- Founded: November 24, 1908; 117 years ago University of Washington
- Type: Honor
- Affiliation: ACHS
- Status: Active
- Emphasis: Forestry
- Scope: North America
- Colors: Green and Gray
- Chapters: 34 active
- Members: 24,000+ lifetime
- Headquarters: Xi Sigma Pi - National Office, Oregon State University 3100 SW Jefferson Way 216 PFSC Corvallis, Oregon 97331 United States
- Website: www.xisigmapi.org

= Xi Sigma Pi =

International forestry honor society

Xi Sigma Pi (ΞΣΠ) is an international honor society for Forestry and related sciences. It was founded on November 24, 1908, at the University of Washington and has chartered 46 chapters in the United States and Canada.

==History==
Xi Sigma Pi was founded on November 28, 1908, at the University of Washington. It was created "to secure and maintain a high standard of scholarship in forestry education, to work for the improvement of the forestry profession, and to promote a fraternal spirit among those engaged in activities related to the forest." The mission has been expanded in recent years to award students of similar achievement in the natural resources related to the forested environment.

It remained a local organization until 1915 when discussion and a new constitution led to an opening for national expansion.

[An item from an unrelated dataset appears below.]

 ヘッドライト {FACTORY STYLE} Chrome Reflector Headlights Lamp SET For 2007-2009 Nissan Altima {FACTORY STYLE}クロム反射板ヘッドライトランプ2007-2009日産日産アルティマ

The Beta chapter was founded at Michigan State University in 1916, followed by the University of Maine in 1917. Over 40 chapters have now been established.

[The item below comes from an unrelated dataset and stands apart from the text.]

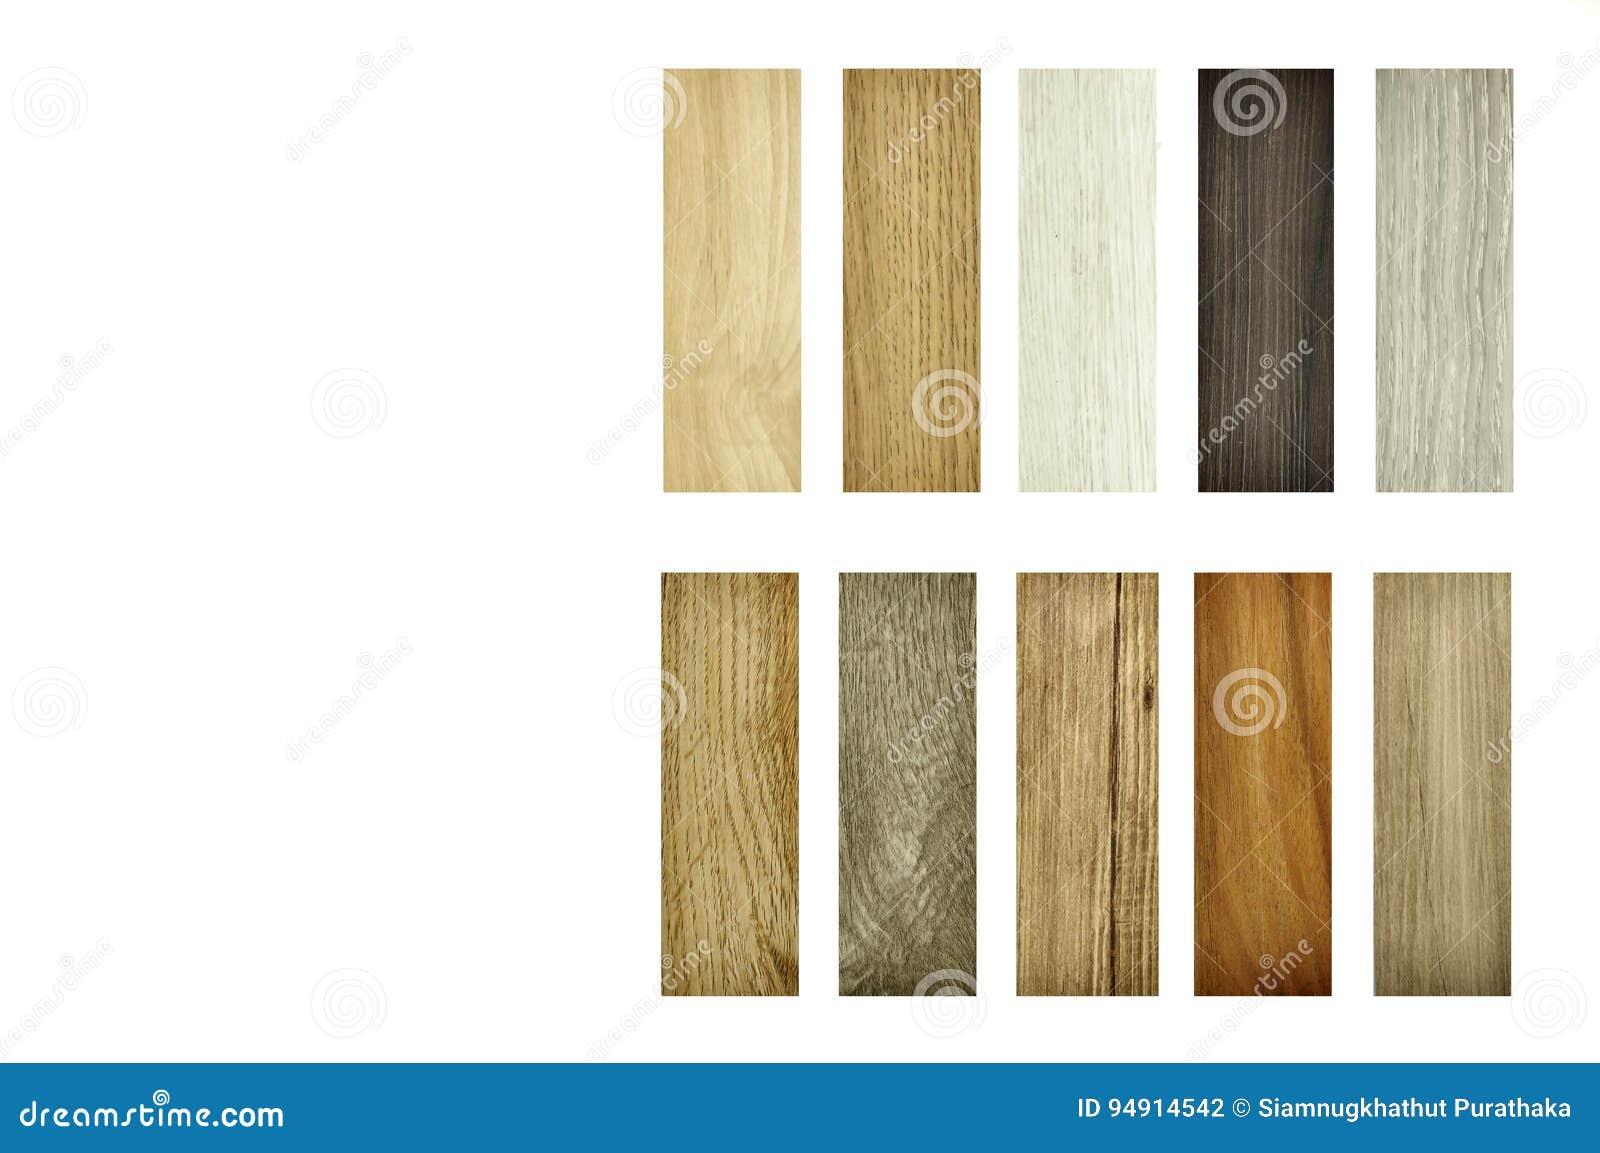 muestras de piso de madera de la textura de lamina chapa baldosa del vinilo

Xi Sigma Pi was admitted to the Association of College Honor Societies in 1965, temporarily dropped membership in the late 1990s, and was reinstated at the 2017 ACHS convention. In 1991, the society had 24,000 initiates, 42 active chapters, and one inactive chapter.

==Symbols==
The Xi SIgma Pi badge is an oval key or pin with an engraved fir tree surmounting an inverted crescent. Surrounding the tree are the capital Greek letters ΞΣΠ, and beneath it an oval containing the Greek letters ΠΑ.

Its colors are green and gray (Note that until 1992 they had been green and navy).

== Chapters ==

The Society has established 46 chapters in the United States and Canada; 34 remain active as of 2024.

==Membership==
Undergraduates eligible for election as active members of a chapter must have completed a minimum of 74 semester hours of scholastic work (or 110 quarter-system hours), be ranked in the upper 25 percent of their class, and have attained a scholastic average equivalent to "B" or higher letter grade. The student must have completed 10 of their semester hours (15 quarter-system hours) in forestry resources management classes.

An individual's personality and character are scrutinized no less closely than their scholastic rank. The student must have shown a creditable interest and activity in their curriculum, and give promise of attaining high professional achievement. Election to membership is dependent upon a composite rating rather than upon scholastic ability alone. Provisions are made for graduate students and faculty to join, with the intent that chapters encourage all levels of membership.

==Activities==
The society seeks to encourage the long-term health of the profession by contributing to the endowment fund of the Society of American Foresters. To support scholarship, the society established a national technical paper contest, with regional scholarship awards that recognize excellence in forestry academic achievement. Up to five regional winners are selected by participating chapters.

==Governance==
Government is by convention, held biennially in conjunction with the annual meetings of the Society of American Foresters. Each biennium, a chapter is designated the National Chapter, from which national officers of that biennium are chosen. The current governing chapter is the Zeta chapter at Oregon State University in Corvallis, Oregon.